Requirement: For this exercise, repeat exactly the lines below starting at the line holding "Conference table, in" and ending at the line holding "Large conference table", both included, with no extra lines and no pictures.

Data excerpts:
↓↓↓

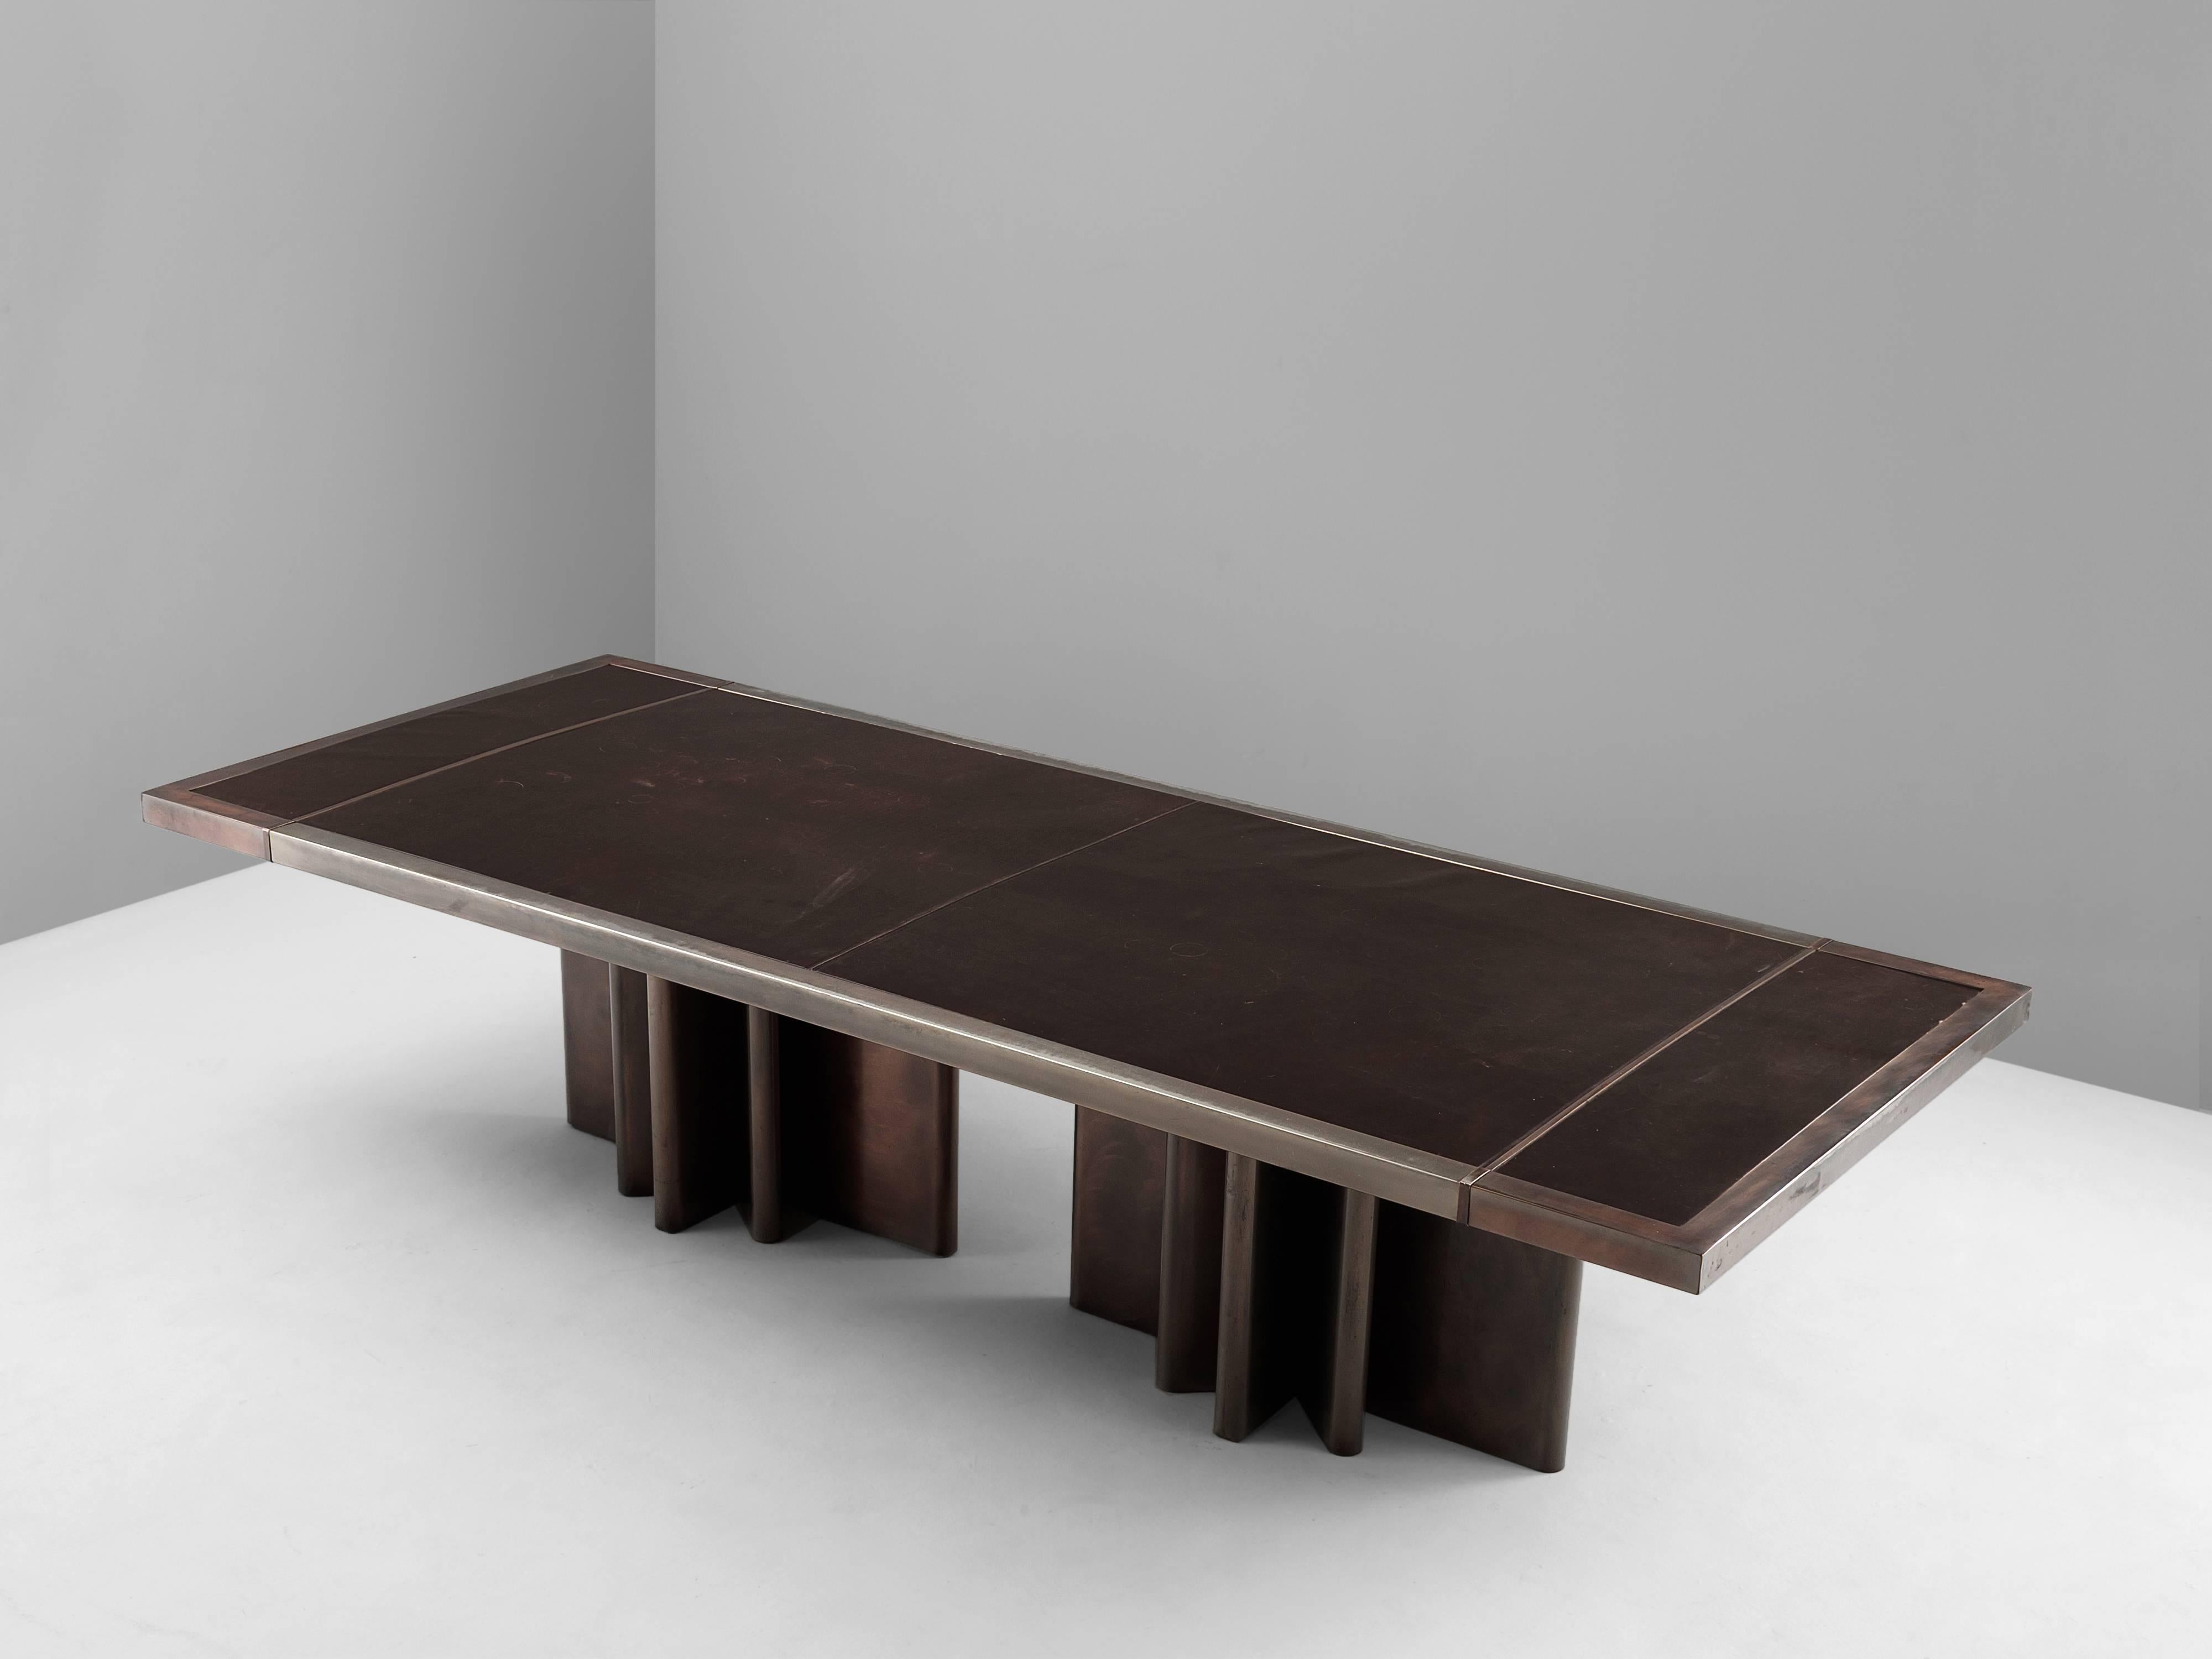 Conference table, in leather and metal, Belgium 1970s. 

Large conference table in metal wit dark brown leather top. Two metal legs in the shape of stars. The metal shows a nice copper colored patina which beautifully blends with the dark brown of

↑↑↑
↓↓↓

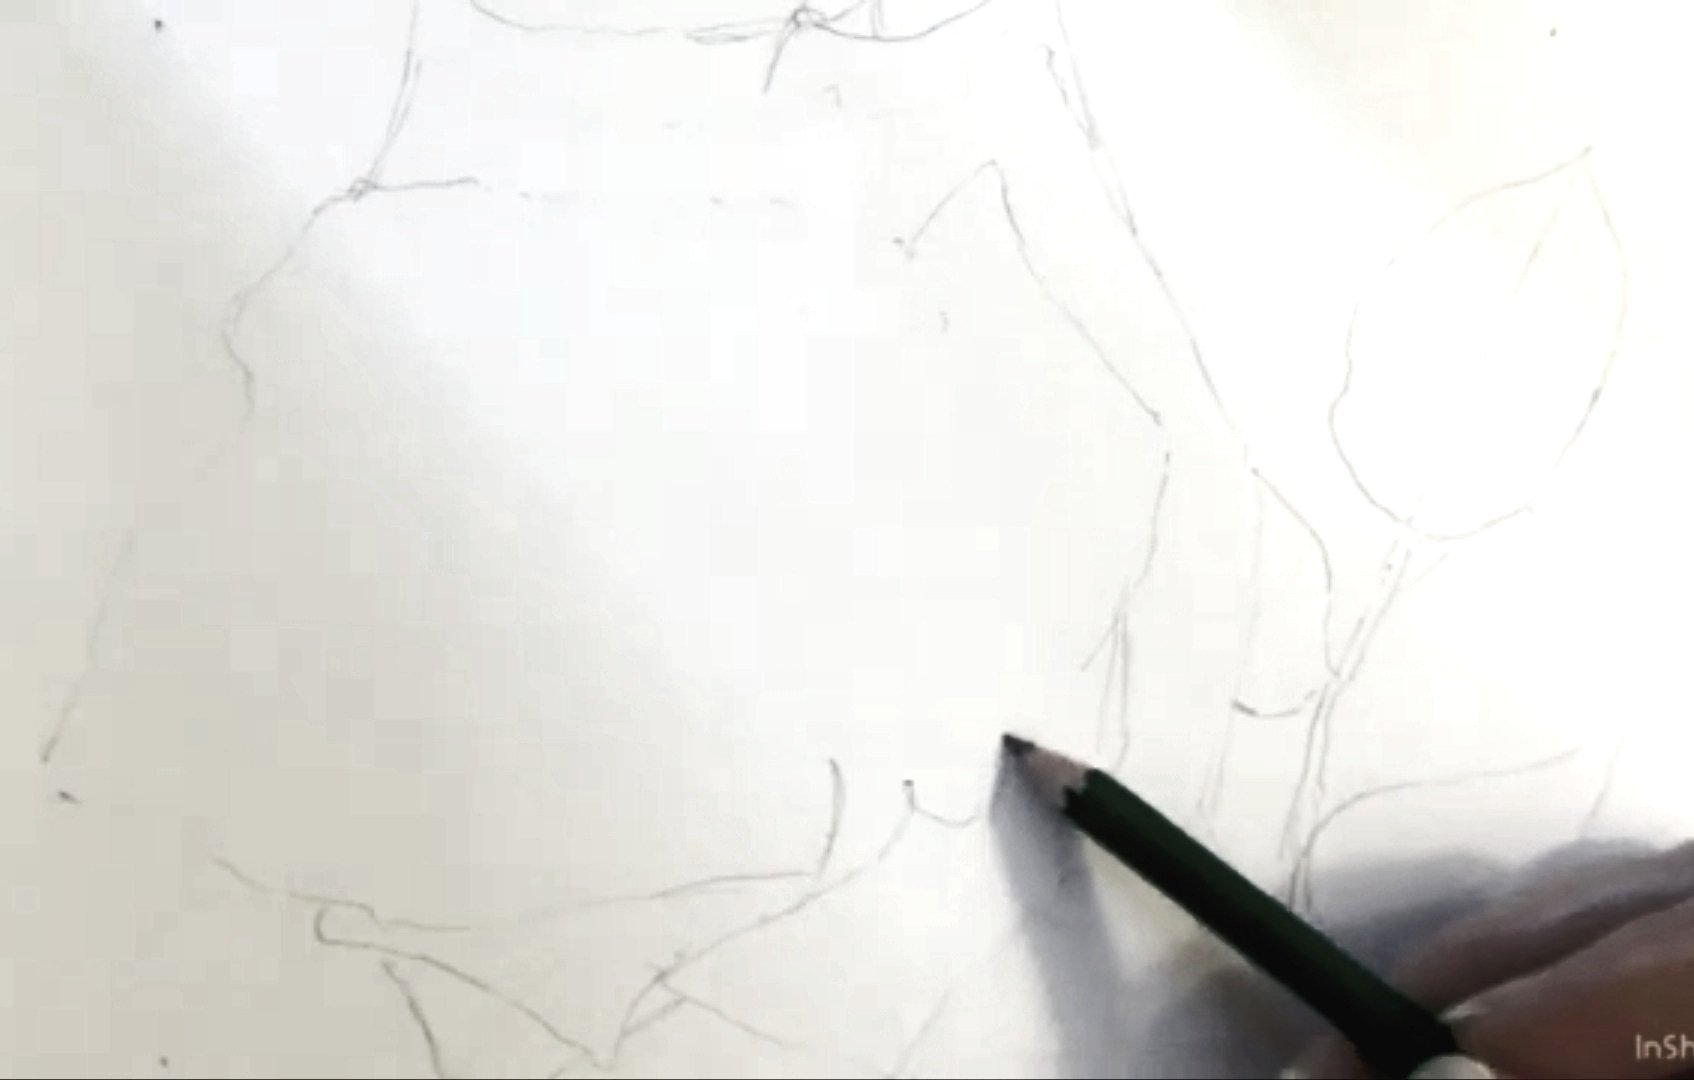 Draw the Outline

↑↑↑
↓↓↓

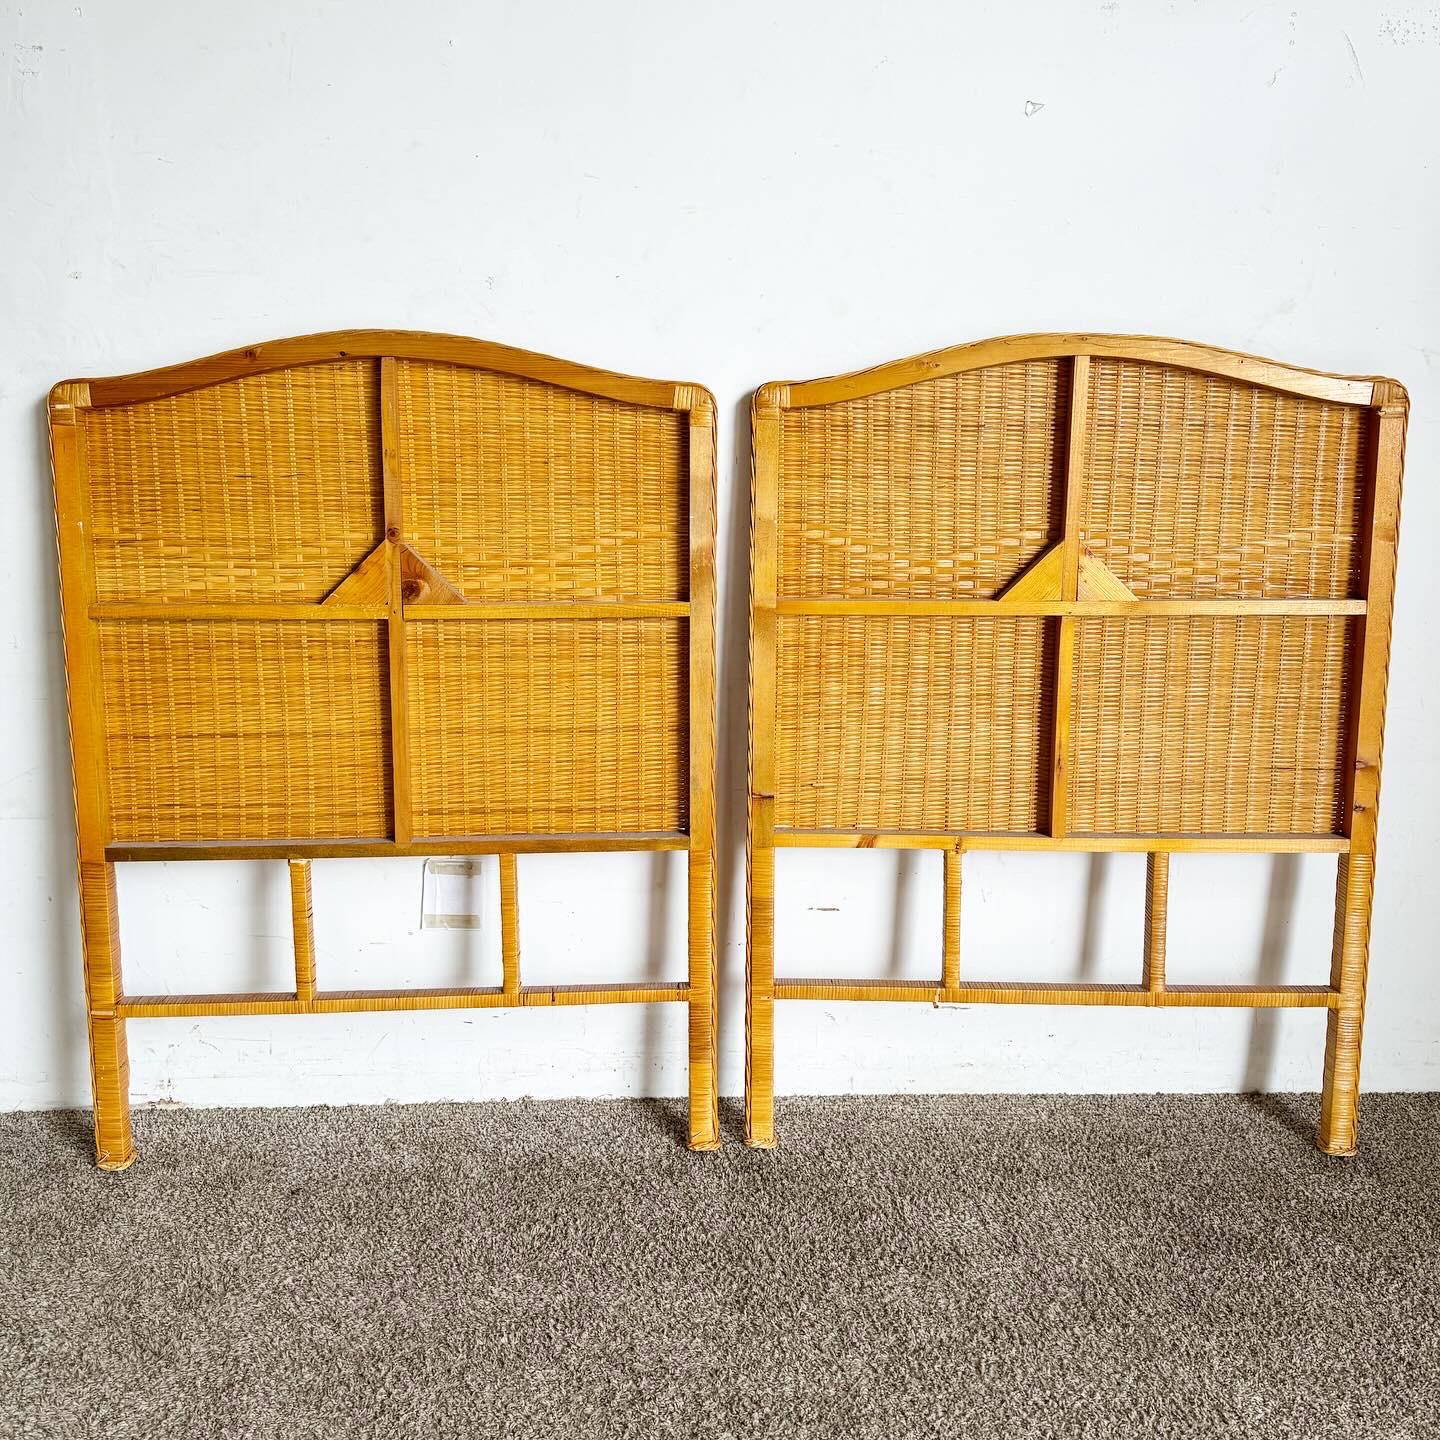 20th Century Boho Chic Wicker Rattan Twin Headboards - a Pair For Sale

↑↑↑

Finished exercise:
 Conference table, in leather and metal, Belgium 1970s. 

Large conference table in metal wit dark brown leather top. Two metal legs in the shape of stars. The metal shows a nice copper colored patina which beautifully blends with the dark brown of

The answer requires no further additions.